We hypothesize that effective model improvement requires a strong synergy among pre-training, inference-time compute scaling, and post-training optimization.

In this paper, we validate this hypothesis in the context of multimodal pre-training for foundation MLLM construction. We introduce Self-Improving Cognition (SICOG), a self-learning framework for constructing next-generation foundation MLLMs by imparting multimodal knowledge and enhancing their systematic cognitive capabilities through multimodal pre-training with self-generated data.

Specifically, we introduce Chain-of-Description (CoD), a step-by-step visual understanding method to improve comprehensive perception, and integrate structured chain-of-thought (CoT) reasoning to support in-depth multimodal reasoning.

SICOG first equips a base model with systematic perception and reasoning using minimal external supervision. The enhanced model then generates candidate image captions and CoT-style reasoning responses for unlabeled images and image-question pairs across diverse tasks, which are curated through a self-consistency mechanism.

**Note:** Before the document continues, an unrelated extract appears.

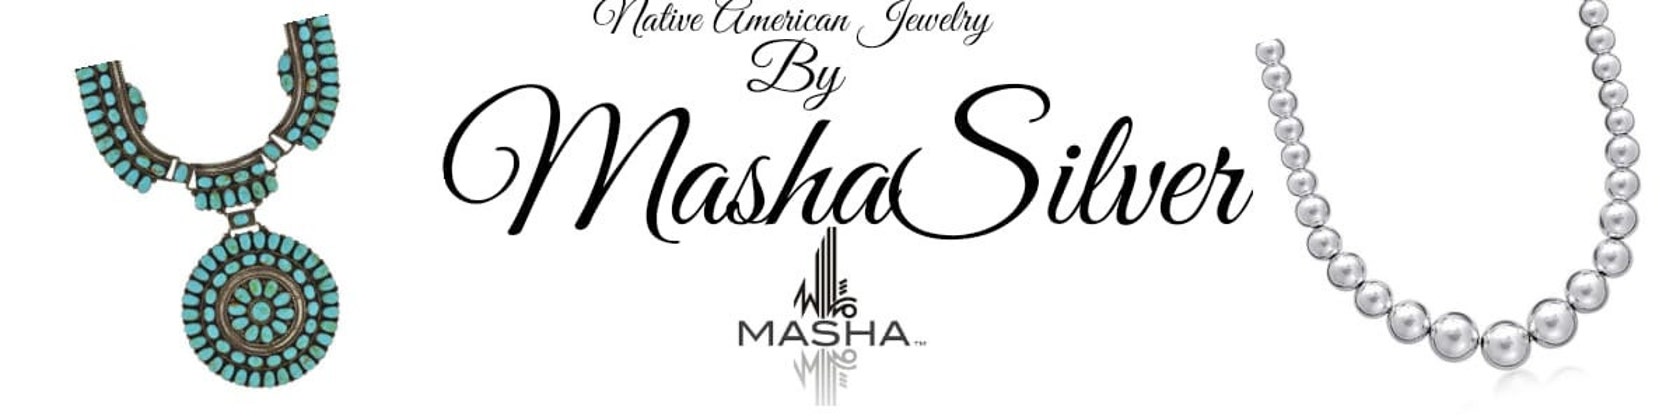 shop - Masha

These curated samples are subsequently used for large-scale multimodal pre-training, completing a self-learning cycle that strengthens the model’s cognitive foundation.

Extensive experiments demonstrate that SICOG produces next-generation foundation MLLMs with substantially improved multimodal cognition, outperforming prevailing pre-training approaches. These findings empirically establish SICOG as a promising framework for realizing a complete self-improving paradigm.

Environment Setup

Step 1: Python Environment Setup

To replicate the results, initialize the Python environment with the following commands:

conda create -n SICOG python=3.10
conda activate SICOG

pip install imgaug
pip install openpyxl

pip install --upgrade pip  # enable PEP 660 support
pip install torch==2.1.2
pip install -e .

pip install -e ".[train]"
pip install flash-attn --no-build-isolation

Step 2: Download Checkpoints

Download the following checkpoints and place them in the /model_weight/ directory: CLIP-ViT-L/14-336, Qwen2-7B-Instruct.

CoD and CoT Training Data Generation

Caption Data Generation

Navigate to the ./training_data_annotation directory and download the Allava-VFLAN 35k split:

export ORIGINAL_CAPTION_FILE={path_to_original_caption_data}
export IMAGE_DIR={path_to_corresponding_images}
export OUTPUT_COD_DIR={path_to_cod_data}
export OUTPUT_DD_DIR={path_to_dd_data}
bash revise_cod.sh

Mix the generated caption data to create the 35k_annotated_caption_data.

Reasoning Data Generation

Download the LLAVA-CoT 35k split and replace tags with corresponding sentences:

export ORIGINAL_COT_FILE={path_to_original_reasoning_data}
export OUTPUT_COT_DIR={path_to_revised_cot_data}
export OUTPUT_SHORT_DIR={path_to_revised_short_answer_data}
bash revise_cot.sh

Combine the generated reasoning data to create the 35k_annotated_reasoning_data.

Training Scripts for SICOG

Experiments were conducted on 4×8 NVIDIA A100 80GB GPUs.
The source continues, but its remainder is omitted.